More than 240 cancer specialists gathered in Leuven at the end of August to attend a symposium on ‘liquid biopsies’ - or cancer blood test - , a new tool in the fight against cancer. The symposium was organized by the Leuven Cancer Institute. Liesbet Lagae, program director Life Science Technologies at imec, explained to the audience how imec technology can be used for ‘liquid biopsies’. 

Your blood tells a story

When we hear the word ‘biopsy’, we immediately tend to think of a minor procedure in which a small piece of tissue is removed from the patient for further investigation. But a ‘liquid biopsy’ is less invasive than a surgical biopsy. In fact, a liquid biopsy usually involves just taking a blood sample, although a urine or saliva sample also falls into the same category.

Liesbet Lagae: “Cancer specialists have discovered that the blood of cancer patients differs from the blood of healthy people. As a result, oncologists are able to detect all kinds of indications in this ‘different’ blood that can help with the diagnosis and treatment of cancer.” 

“For instance, they may find tumor cells in the blood that have separated from the original tumor (that may be located in the lung tissue, for example). They are called ‘circulating tumor cells’, or CTCs. Another area of interest in the blood sample is blood platelets. We now know that the blood platelets in cancer patients are different from those in someone healthy. What the tumor appears to do is use the blood platelets to help itself grow. Phospholipids in the blood also contain information about cancer. For instance, determining the profile of the phospholipids present makes it possible to discover prostate cancer in the blood.”

Just why there are all these differences between 'healthy' and 'cancer' blood is still a mystery in the main. Shedding more light on this mystery, will help cancer experts to gain a greater insight into exactly how cancer goes to work in our body. 

Why use a liquid biopsy?

A liquid biopsy has several benefits in comparison with a tissue biopsy: for a start, it is less invasive for the patient and it can be carried out as often as necessary, which makes it possible to track the patient’s progress better through the treatment process. The liquid biopsy also provides a ‘live’ picture of the cancer at that specific moment and there is never a problem in terms of being able to take the biopsy (for example when the patient is too weak to undergo a tissue biopsy, or if the primary tumor is difficult to reach). 

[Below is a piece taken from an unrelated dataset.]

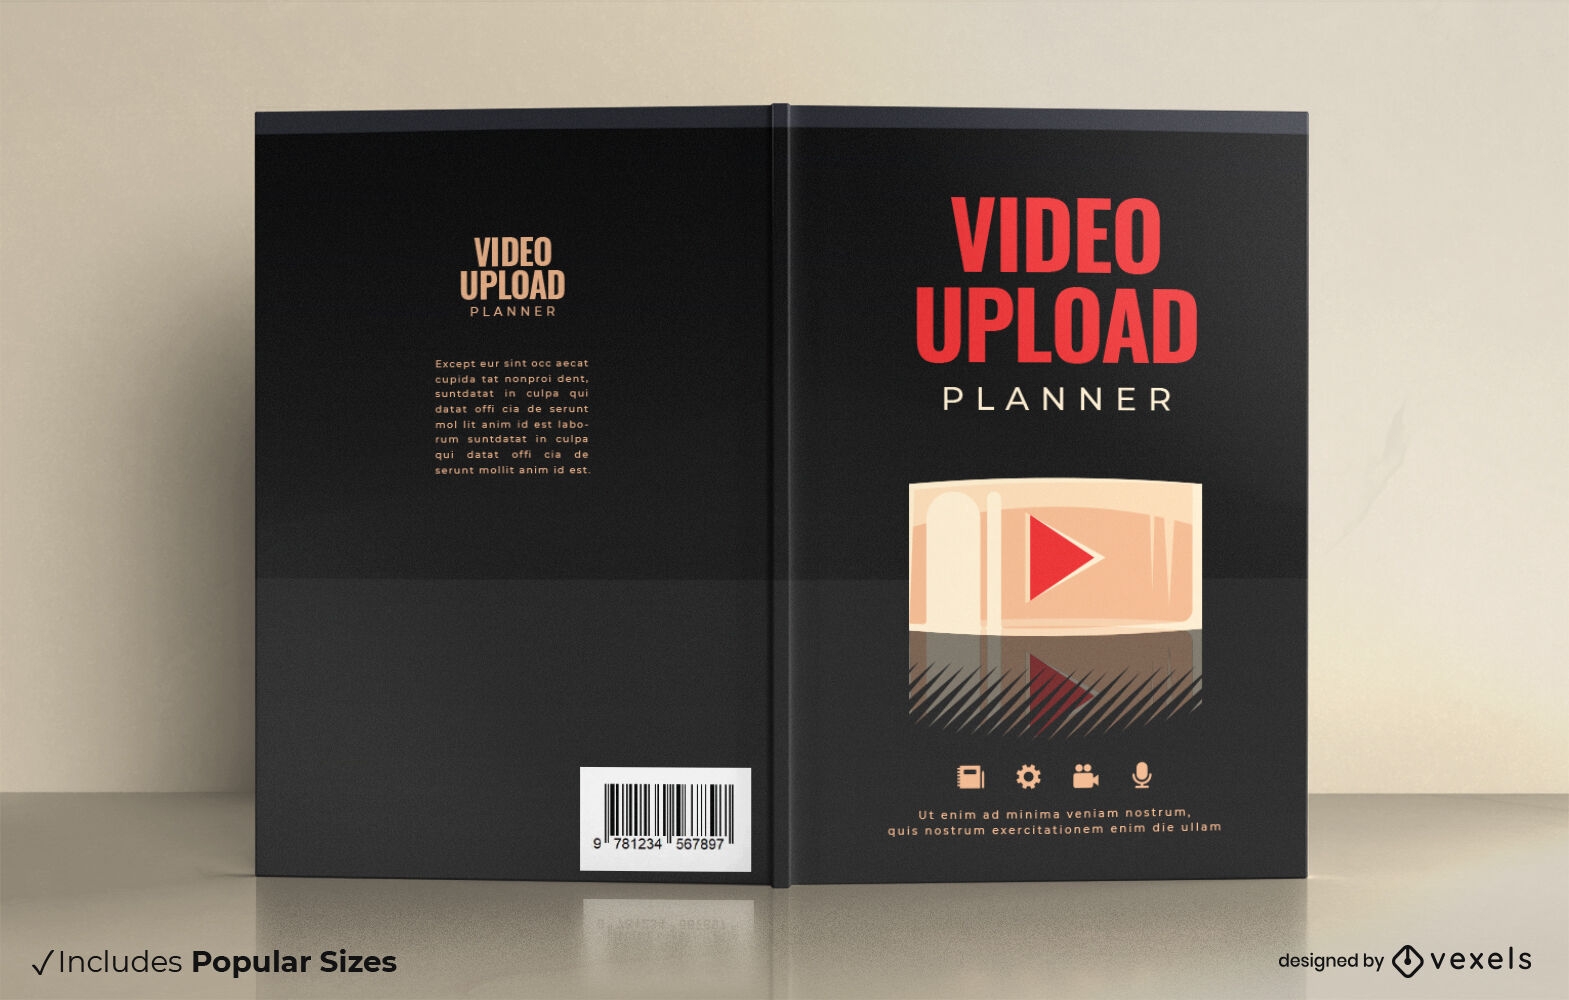 Video upload planner book cover design

Yet despite all these advantages, liquid biopsies will never be the only technique used. That’s because cancer is a highly complex disease and for doctors to obtain a full picture of the situation, various techniques need to be used alongside each other – liquid and tissue biopsies, imaging. Liesbet Lagae: “For example, we can see that the cancer cells in the blood often have properties that differ from the cancer cells in the original tumor. The tumor may also be made up of different types of cells (called a ‘heterogeneous’ tumor). This makes the liquid biopsy a welcome and excellent new adjunct in the toolbox of cancer specialists, in addition to tissue biopsies and imaging.” 

“In the future, it will be possible to use a blood sample to obtain a faster diagnosis of cancer. It will also enable us to determine the best type of treatment and to monitor how the treatment is progressing. This will help doctors to predict the tumor’s resistance to certain types of drugs, as well as to detect metastases more quickly and also to conduct regular checks into the genetic material of the tumor.” 

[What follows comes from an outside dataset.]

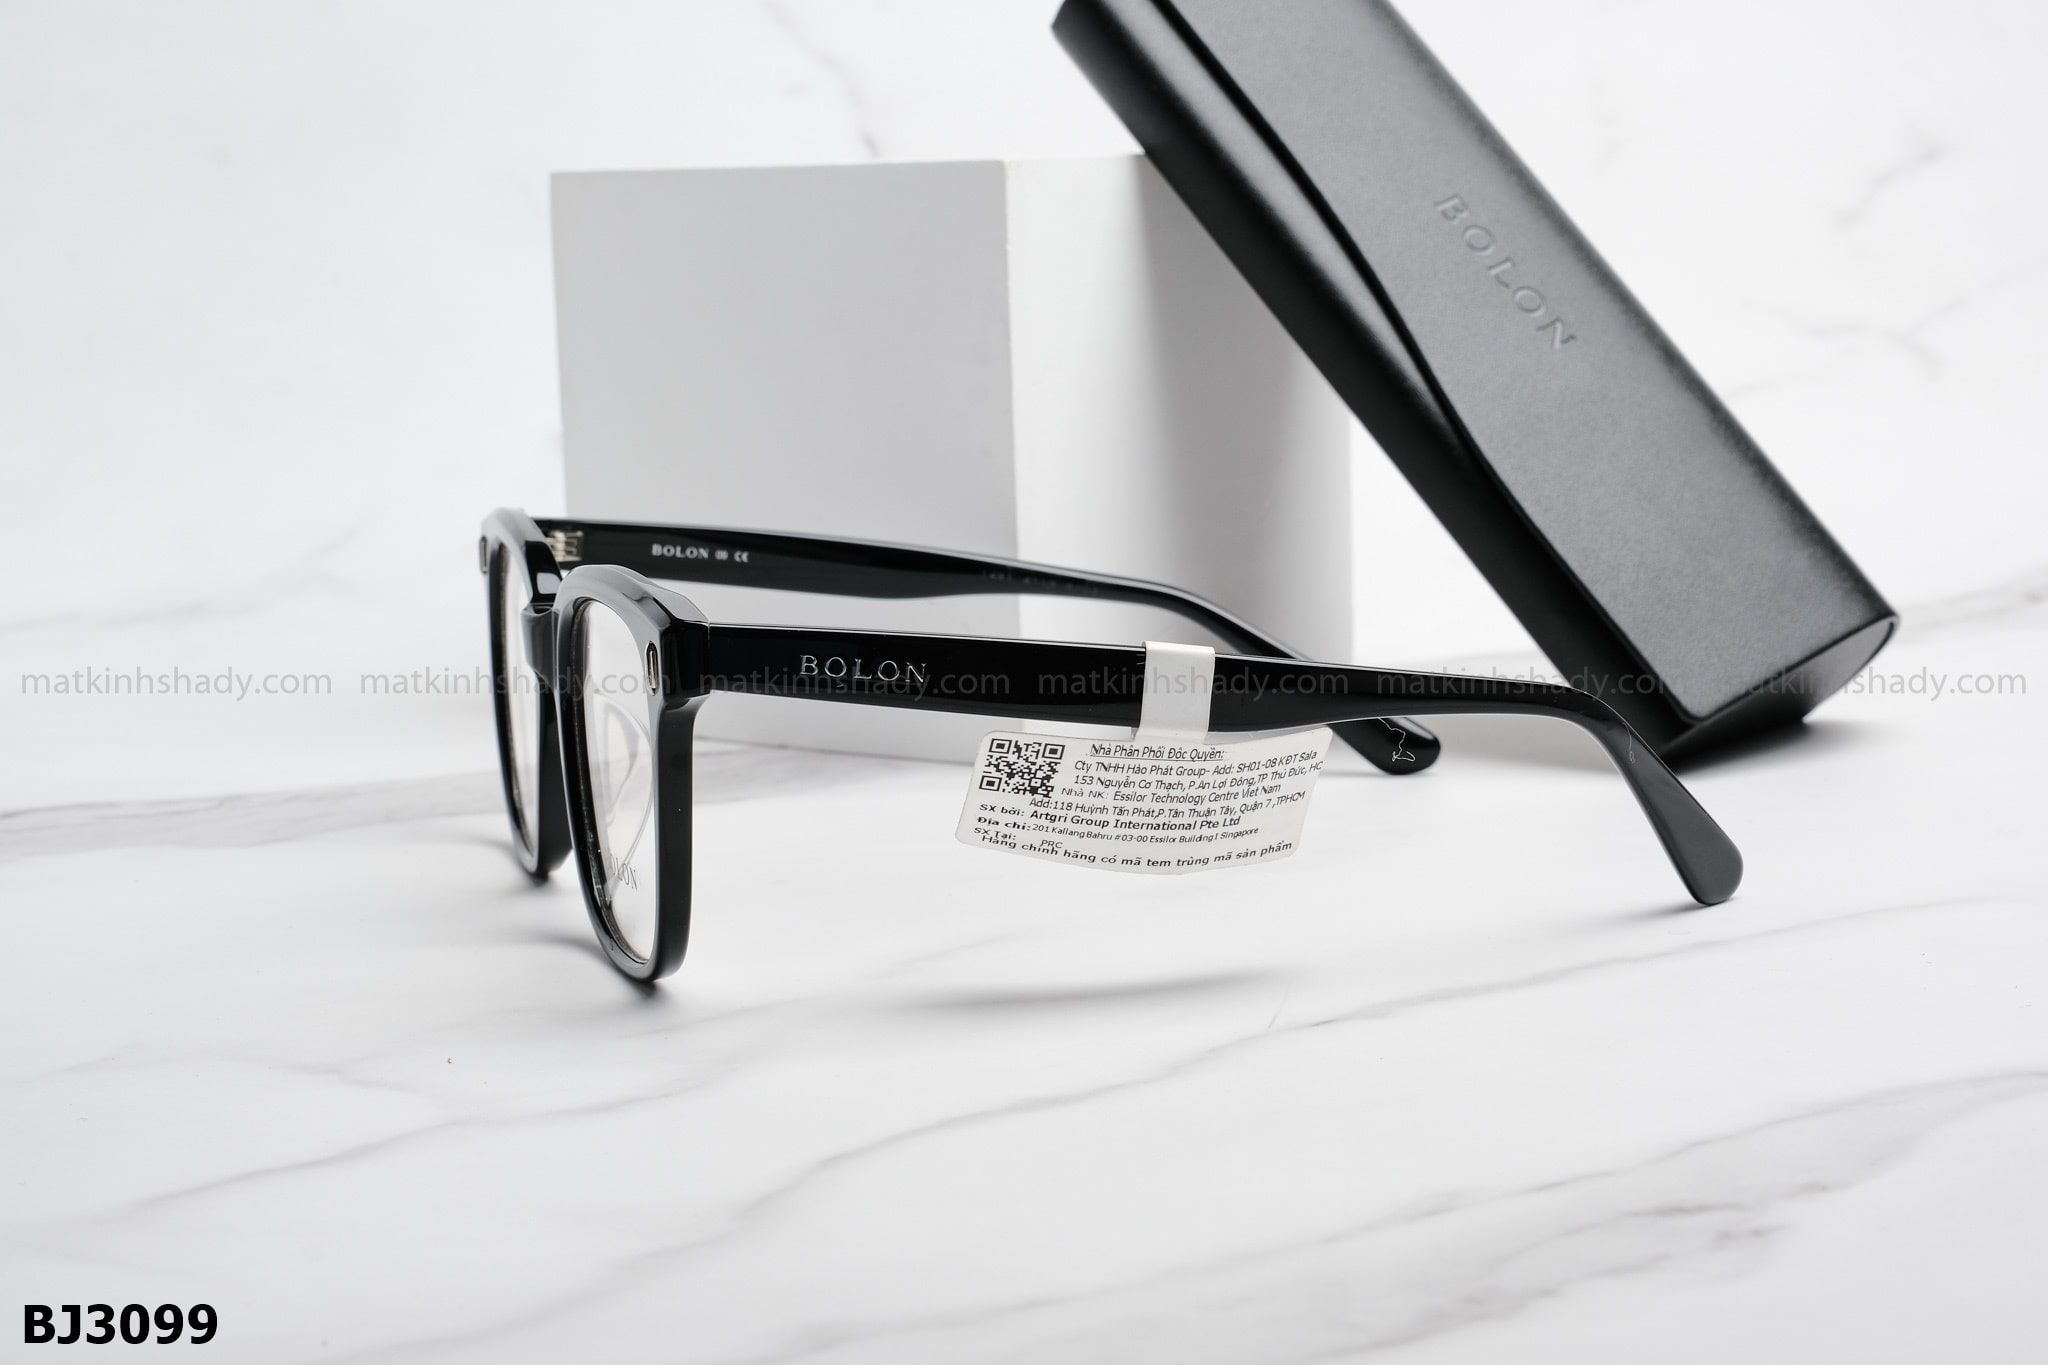  Bolon Eyewear - Glasses - BJ3099

A well-known example of ‘determining the best treatment’ can be found in breast cancer. Specifically, there are certain types of breast cancer that can be treated well with a hormone treatment, with little chance of relapse or the tumor spreading. To determine whether the patient has this particular type of breast cancer, the receptors present in the tumor cells are examined. This is a fairly expensive treatment and so the doctor needs to be sure that the patient will actually benefit from the therapy. 

At the moment, this hormone treatment can only begin once a tissue biopsy or operation has demonstrated that the tumor has these specific receptors. Both from an economic and a medical point of view, liquid biopsies may be of great value in these cases because it means that the treatment can start more quickly.

Another example that is already being used today is determining the resistance of tumors in patients with lung cancer. Often resistance doesn’t occur until after 10 months of treatment using EGFR-targeted therapy. If the doctor can determine that resistance in the blood, he or she will then switch to another drug, in this case osimertinib.

The possibilities offered by liquid biopsies are enormous, although a great deal of research is still required to enable the correct interpretations to be made of the values measured in the blood. 

Making the liquid biopsy ‘digital’ 

Today, it requires large and expensive tools and highly qualified staff to perform the liquid biopsies. Chip technology and nanotechnology can be used to make liquid biopsies easier and more user-friendly. Imagine that doctors in the future will have disposable cartridges that they can use to analyze a drop of their patient’s blood in a compact device that screens the blood for DNA, cells, phospholipids, etc. This will then tell them more about whether or not there is cancer present, the type of tumor, etc. – plus the analysis can be carried out several times throughout the patient’s treatment. 

digital liquid biopsy

The main benefit of the evolution from tissue biopsy to liquid biopsy and then on to digital liquid biopsy will be that the liquid biopsy (e.g. for cancer patients) will become much faster and easier to carry out.

Liesbet Lagae: “At imec we are working on a technology platform that can be used for digital liquid biopsies. By combining electronics, sensors, photonics and microfluidics, we have all the building blocks to produce a cartridge of the type described above, which means that it will be very easy to carry out liquid biopsies in patients.”

technology platform imec

The technology platform being developed by imec can be used for digital liquid biopsies.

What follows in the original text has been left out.